Executive Summary: Success in banking may come down to focusing on two fundamental areas. However, many banks fail to put sufficient emphasis on them.
This week I heard a bank Chairman talk with cogency and passion about his bank’s strategy and its ability to compete against the biggest players in its chosen space. In a sense, this bank has decided how to pick its customers and determined the basis of its competition; that is likely to be a winning strategy. Contrast that Chairman’s comments with another bank head who said, “We all compete with the same products,” and indicated that his bank was operating without an approach that distinguishes itself from others. That bank is unlikely to survive.
Banks need to articulate a defined strategic focus. That alone, however, is insufficient for success. A value proposition or marketing angle, no matter how well stated, is worthless without intense and exacting follow-through; execution goes hand-in-hand with strategy.
Strategy comes first.
Many banks either ignore strategy or put a minimum of effort into planning. In fact, what is usually required is a process that at least on an annual basis evaluates the assumptions on which a bank and its key units base their activities and their success.
We favor a strategic process that is simple, straightforward, and very transparent across an organization. The questions we like to see addressed as part of a strategic review include:
* What distinguishes your bank/unit from other players?
* What are your competitive advantages, and how sustainable are they?

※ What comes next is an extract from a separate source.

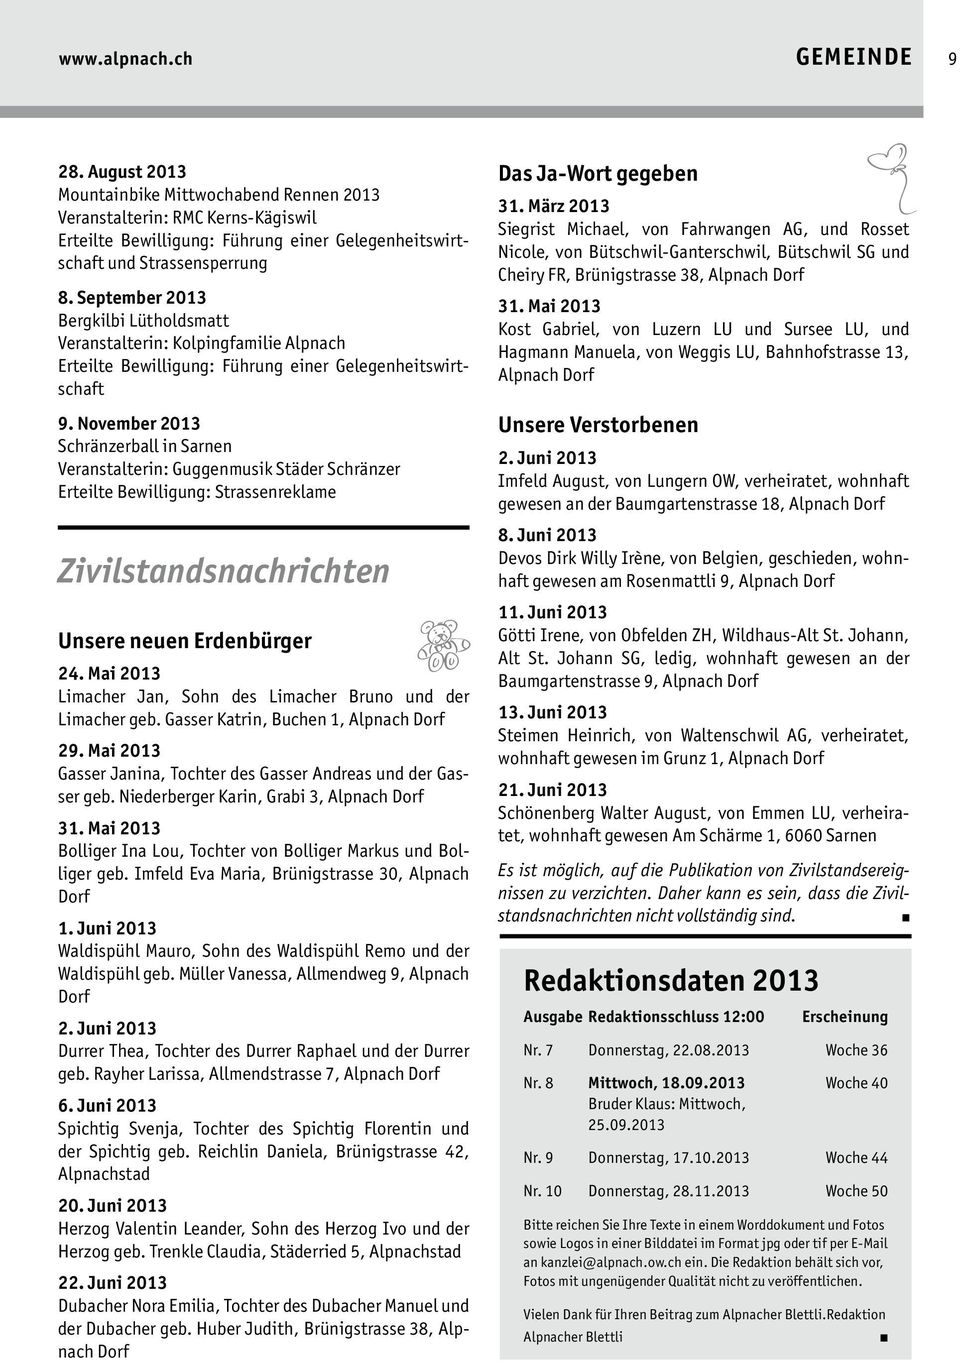 November 2013 Schränzerball in Sarnen Veranstalterin: Guggenmusik Städer Schränzer Erteilte Bewilligung: Strassenreklame Zivilstandsnachrichten Unsere neuen Erdenbürger 24.
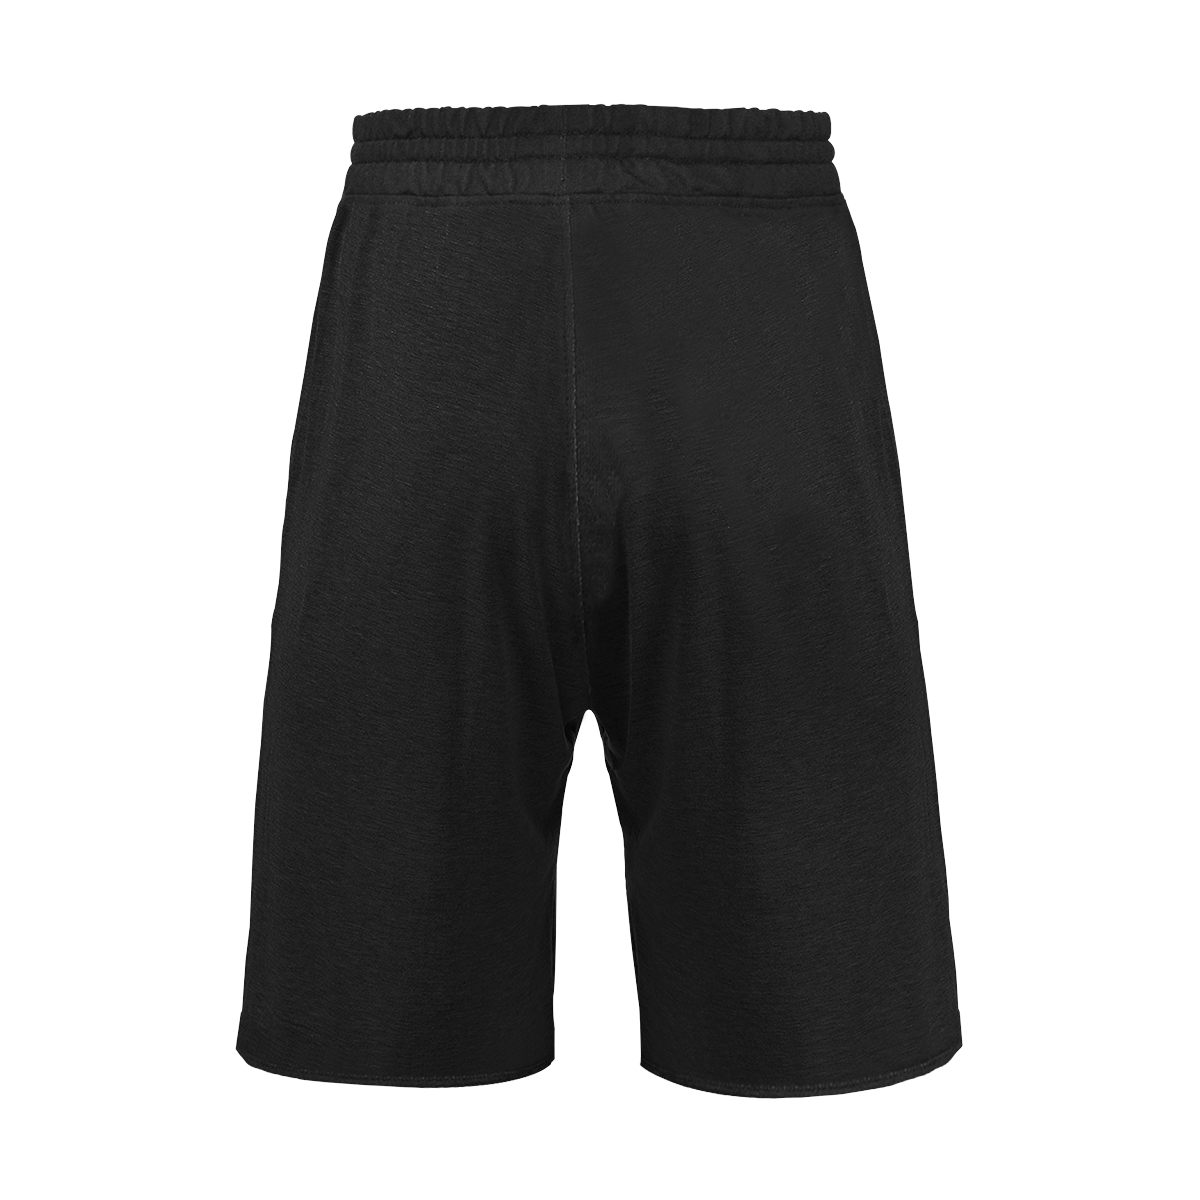 FF Black Shorts Men's All Over Print Casual Shorts (Model L23)

* How are your customer’s requirements changing? Is the customer’s view of your bank/unit changing? How does that impact the product/services you need to provide today and in the next 24 months?
* What should be your key initiatives over the next 12-24 months? What type/level of internal support is required to achieve these initiatives? What is the economic justification for these initiatives (that is, pro formas)?
* What are you doing to maintain your best people and attract new stars?
Basically, a strategy should serve to set a direction for the bank and its component parts. When I used the word transparency, I meant that building a strategy, either for the entire bank or individual units, should not be done in a vacuum. Business managers are often very protective/defensive. Typically, they are not very open to having other bank executives review their businesses and provide input concerning how they might operate differently. However, a strategy built within a silo tends to be silo-oriented and fails to lever the full capabilities of an organization.
A strategic review, whether for retail, business banking, cash management, commercial banking, wealth management, etc., should include the input of groups with which that unit currently interacts or may interact in the future. Step One is for the unit, with an internal team and, oftentimes outside help, to develop its strategy. Step Two involves meeting with colleagues to discuss, test, and add to what the individual unit created. The second step should enrich the strategy and set the framework for closer cross-bank cooperation and cross sell.
That sounds great, but is difficult to accomplish because of egos, organizational silos, personal rivalries, etc. Senior management has to step in to create buy-in into this level of cross-bank involvement. Incentives for the senior management team should encourage a culture of cooperation.
A one-off strategic planning process is of limited value. Management should revisit its strategy on a yearly basis. Just consider where most banks are today versus 12-24 months ago. The customer is changing, regulations are changing, competitors are changing; failing to revisit a strategy, no matter how well developed initially, ultimately may negate its value.
Good strategy is not sufficient.
I know of one past client that followed an intense and rigorous strategic planning process on a yearly basis, exactly what we are suggesting above. But, they were a lending-oriented business, and they made bad loans. All the planning in the world could not compensate for bad execution and poor credit discipline.
While the repercussions of that company’s inability to execute were extreme, failure to follow-up on agreed to strategies/initiatives seems to be endemic to the banking industry. Too often, senior management sets goals and then “blinks” in the face of banker resistance or even day-to-day priorities. That is understandable but not acceptable.
Disciplined execution.
Discipline in execution distinguishes the best players from the mediocre. In an era in which organic growth will be increasingly difficult to accomplish and stealing share becomes a competitive necessity, relentless execution is a necessity. Execution also requires planning. This planning involves setting clear action steps in support of a strategy, assigning an individual to be responsible for its completion, and setting a timeframe within which it must be accomplished. Disciplined execution establishes a process for bankers to follow and ideally results in transformation of a bank’s culture.
Concluding thought.
Developing an effective strategy and executing on it require the close involvement of top management. Understandably, most business managers are slow to change their current business model. Senior management needs to encourage more creative thinking and, when necessary, insist on it. Similarly, we all fall back on old habits. Successful execution requires top management commitment not only on day one but on day 30, 60, 120, etc. Over the years many bankers have experienced multiple initiatives; many have developed the view that “this too shall pass.” Only top management can ensure that the change process that the strategy process and its related execution plan promote will become reality.